Trouver votre sentier sacré à l’intérieur de vous

Ce n’est pas une tâche facile de prendre le temps requis pour nous connaître pleinement. Aller au-delà du mental et rechercher sa propre vérité requiert du courage et de la force, mais la récolte est toujours fructueuse. Aller à l’intérieur de soi signifie faire face à son propre soi pour y découvrir de vieux souvenirs qui ont pu nous faire souffrir ou pour affronter la douleur que nous avons laissé dormir à l’intérieur de nous, par peur de la ressentir à nouveau. Le processus que nous entreprenons nous amène à avoir une meilleure vision, à visualiser encore mieux qui nous sommes et enfin à nous faire comprendre ce qui est arrivé, sans focaliser sur les résultats. Tous, nous voulons les résultats, sans avoir à prendre le temps qu’il faut pour que cela s’accomplisse, mais c’est par le processus que nous croissons et que nous intégrons l’expérience. À partir du moment où nous disons « oui » à la vie, nous disons « oui » à chacune des parties de notre être. Puisque le fait de vivre une vie magnifique prend son origine à l’intérieur de nous, le chemin de la liberté vient donc d’un passé qui nous a fait sourire, d’un passé qui nous comble, nous donnant un futur que l’on crée en prenant la responsabilité de tout ce qui nous arrive et en sachant que nous sommes responsables de ce qui nous attend, créant ainsi ce que nous voulons.

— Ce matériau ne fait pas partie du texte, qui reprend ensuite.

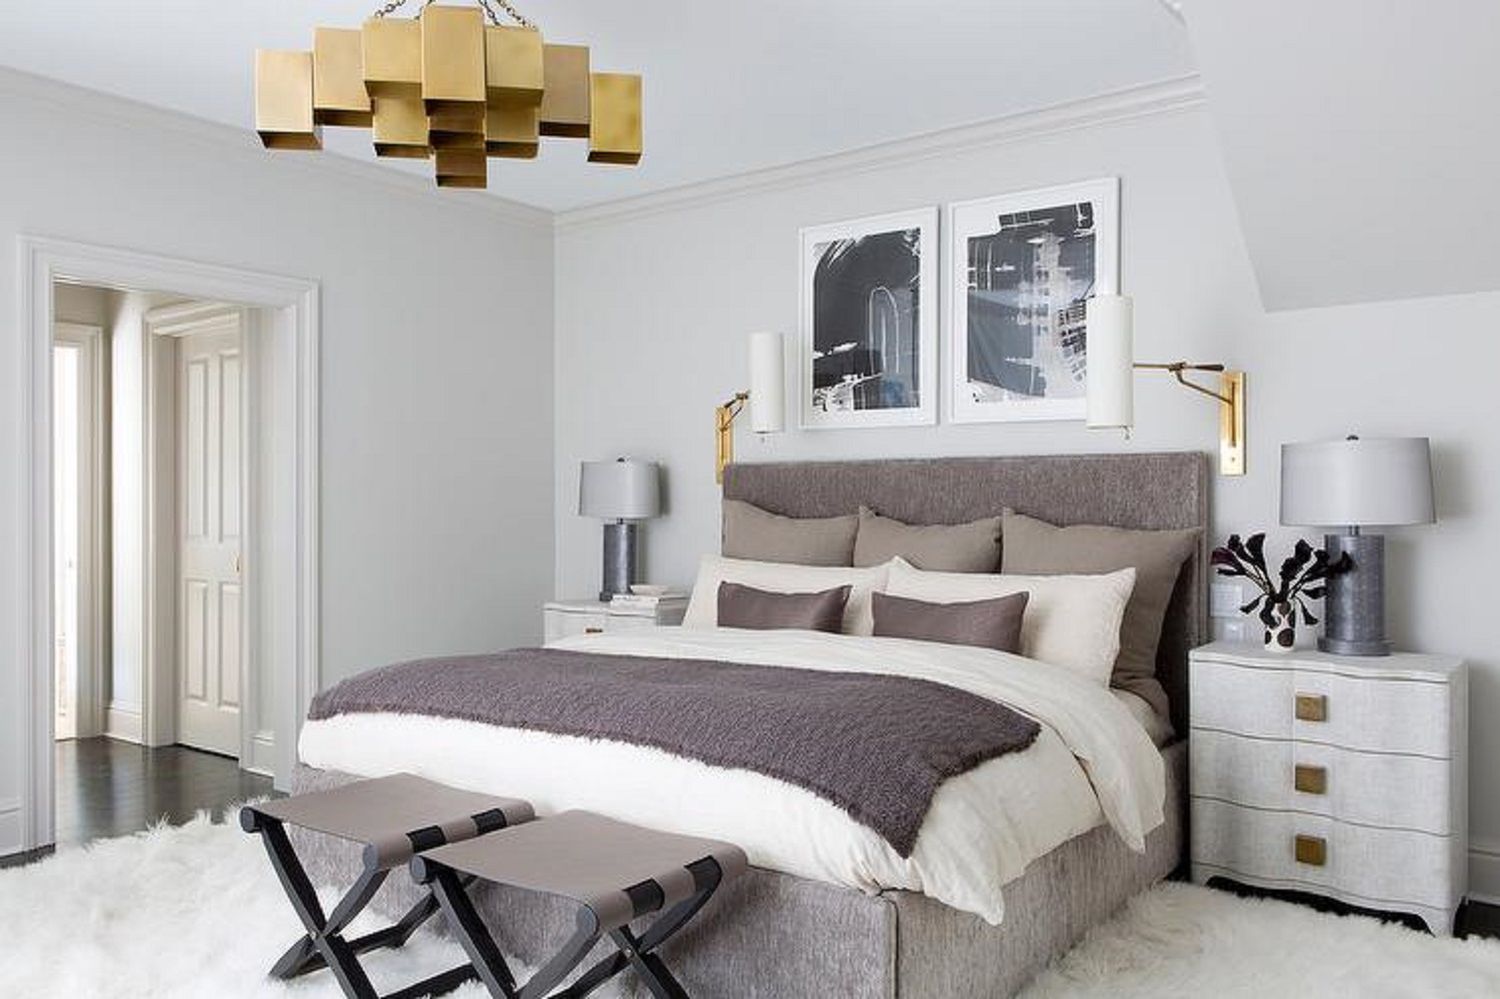 Brass chandelier in bedroom

Nous sommes si nombreux à être perdus, ne sachant pas ce que nous devrions faire, ni ce que nous devrions être. Vous pouvez trouver toutes vos réponses à l’intérieur de vous, en acceptant où vous êtes et en vivant pleinement ce qui se présente. Que ce soit d’anciennes émotions ou sentiments, acceptez où vous êtes, ce que vous ressentez et entendez, écoutez attentivement ce que votre corps et votre âme essaient de vous communiquer, cela vous amènera sur votre sentier sacré, sentier qui vous est personnel.

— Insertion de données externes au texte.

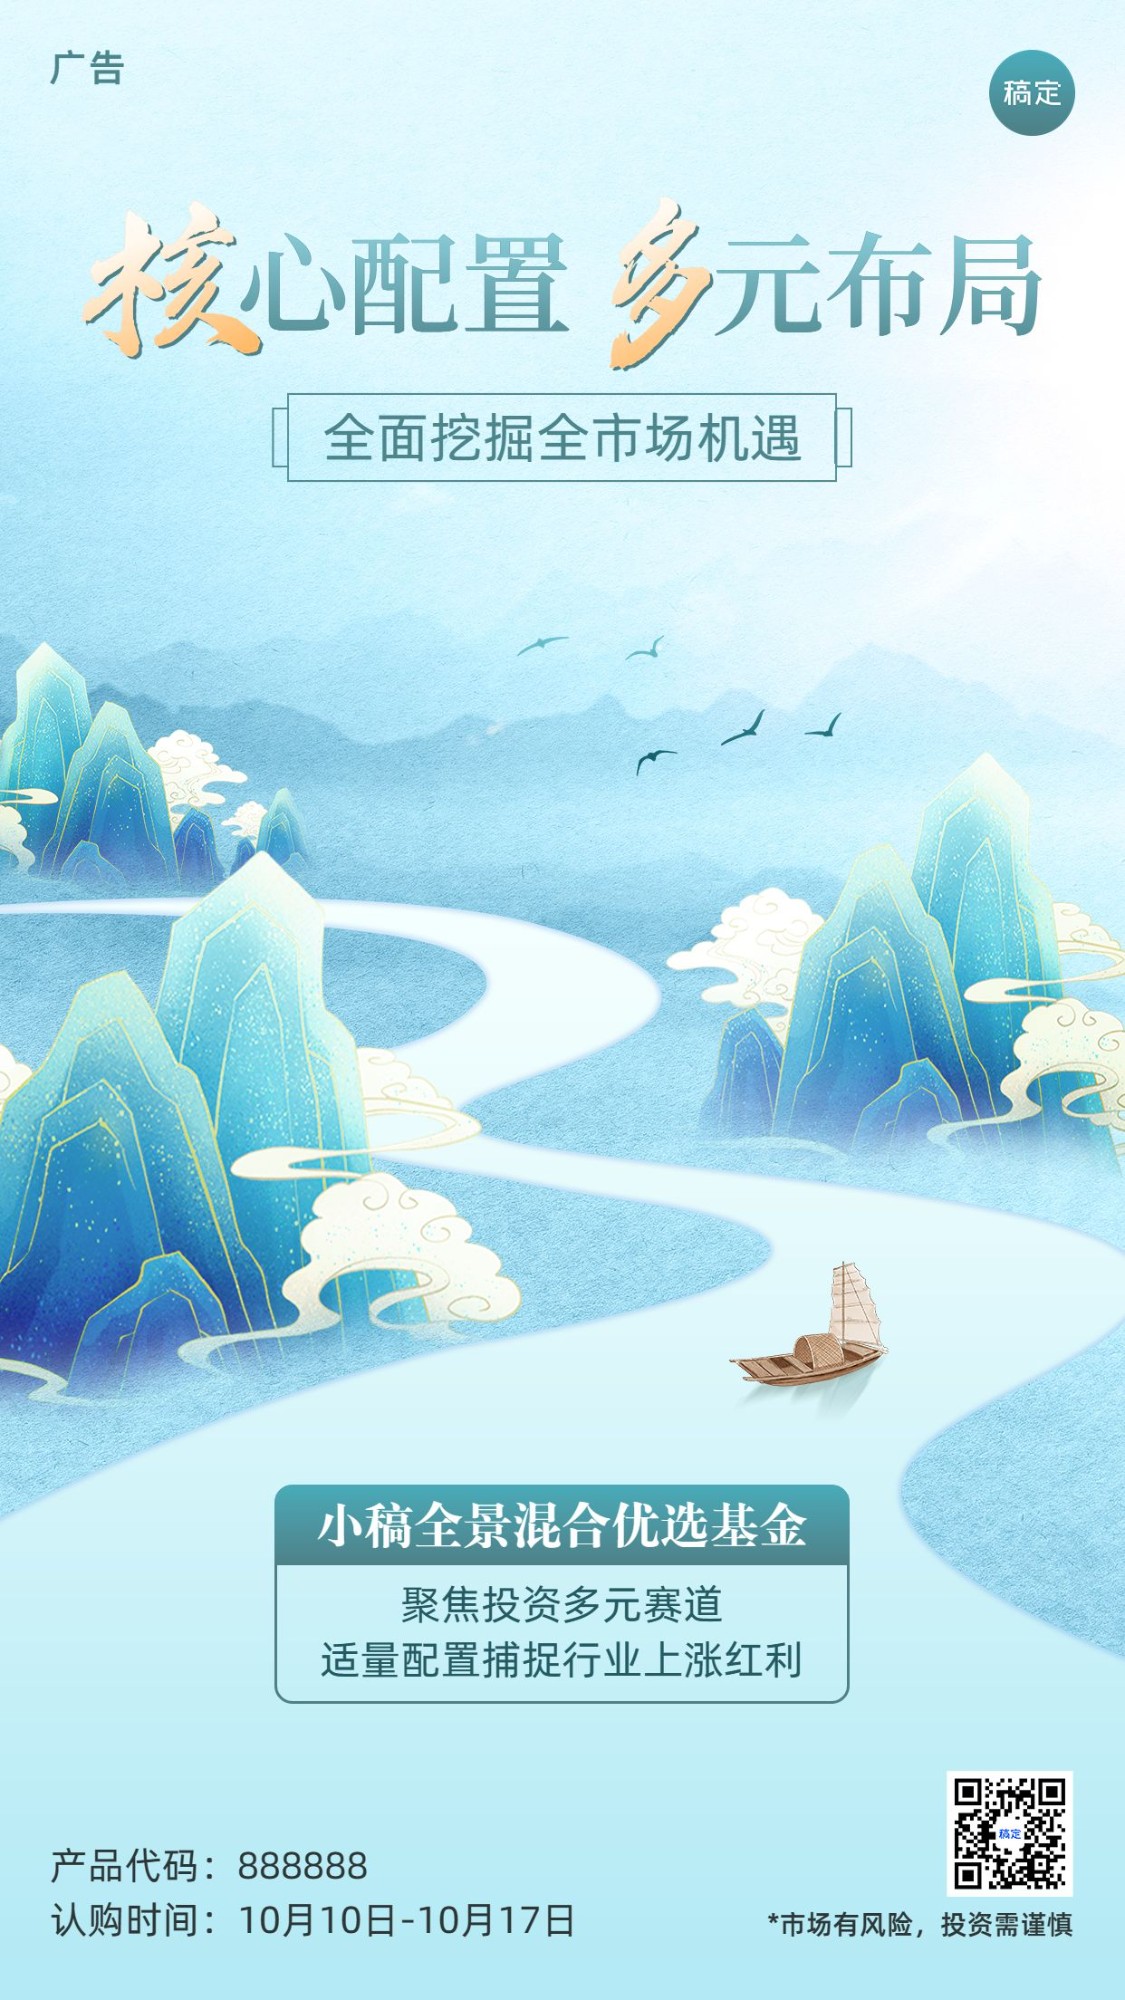 金融基金产品发售营销宣传水墨中国风手机海报

Donnez-vous la permission de pleurer, de crier, de vous sentir frustré. Il est sain d’avoir ces sentiments, de traverser ces émotions et de les laisser s’échapper de vous. En les acceptant, nous pouvons les laisser aller, faisant ainsi place à de nouvelles expériences et à l’amour. Vous ne pouvez vraiment vous aimer que lorsque vous acceptez toutes les parties de vous-même, qui vous êtes, qui vous avez été et qui vous deviendrez. Prenez conscience que toutes les expériences, toutes les personnes que vous rencontrez dans votre vie sont un cadeau qui vous est offert à vous, personnellement. Toutes ces personnes sont des anges vous faisant cadeau d’une leçon qui vous fera croître. Ce que vous décidez de faire de ces expériences bâtit vos lendemains. Affronter vos peurs est le plus beau cadeau que vous puissiez vous faire, car nous sommes tous des êtres aussi importants les uns que les autres et tous, sans exception, nous possédons la vérité en nous. La lumière nous traverse tous lorsque nous nettoyons de plus en plus nos âmes et que l’intelligence suprême nous habite, nous donnant les réponses que nous recherchons tant.

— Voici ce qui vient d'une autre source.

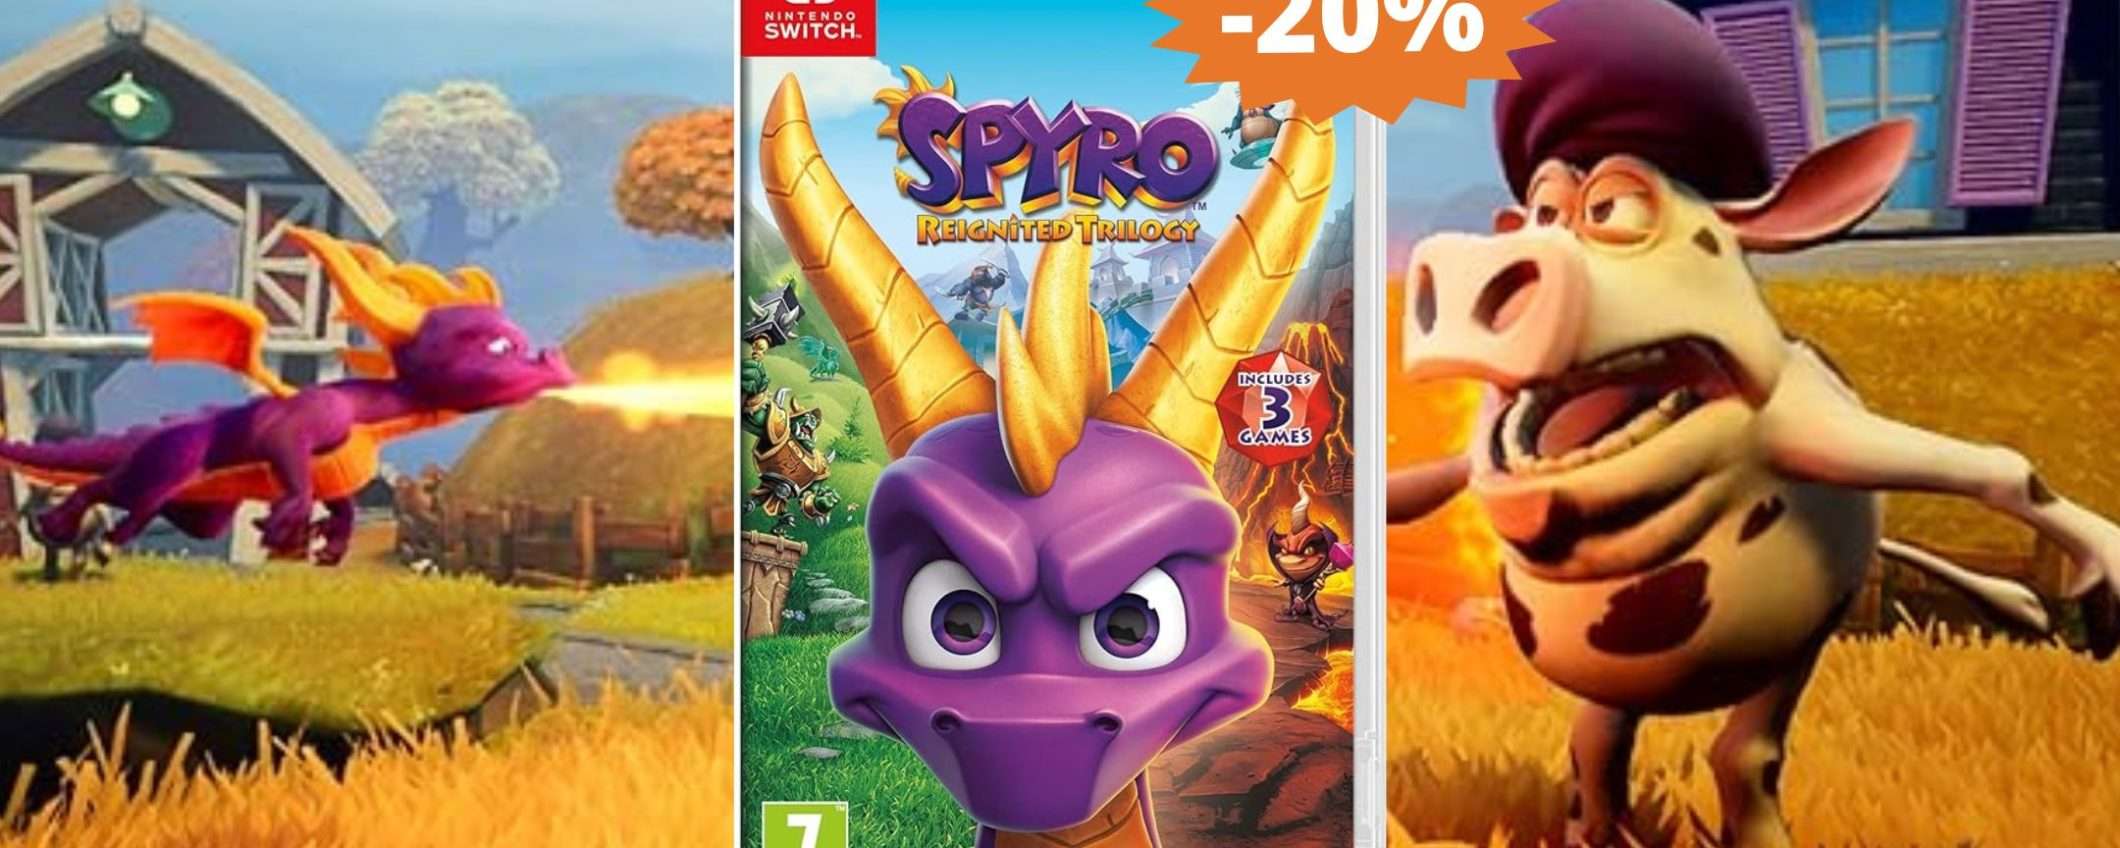 Spyro la trilogia per Nintendo Switch: SUPER sconto del 20% su Amazon

Vous n’êtes pas votre personnalité, vous n’êtes pas votre ego. Nous sommes d’essence divine et nous possédons le pouvoir divin et la connaissance divine et ceux-ci attendent d’être éveillés pour être utilisés pour nous-mêmes et pour l’humanité. Nous devenons un avec la conscience divine lorsque nous laissons aller notre ego. La première étape vers l’intégration de notre vrai soi (qui est pur amour) est d’en devenir conscient. Et rappelez-vous qu’une fois l’intégration faite, vous n’avez plus jamais à refaire ce processus. Cette expérience n’a plus jamais à être répétée. La confiance et la foi croissent alors comme une fleur s’épanouissant à l’intérieur de vous. Nous pouvons finalement marcher consciemment sur notre sentier sacré, avec amour et connaissance, sur ce merveilleux plan terrestre, ensemble… unis.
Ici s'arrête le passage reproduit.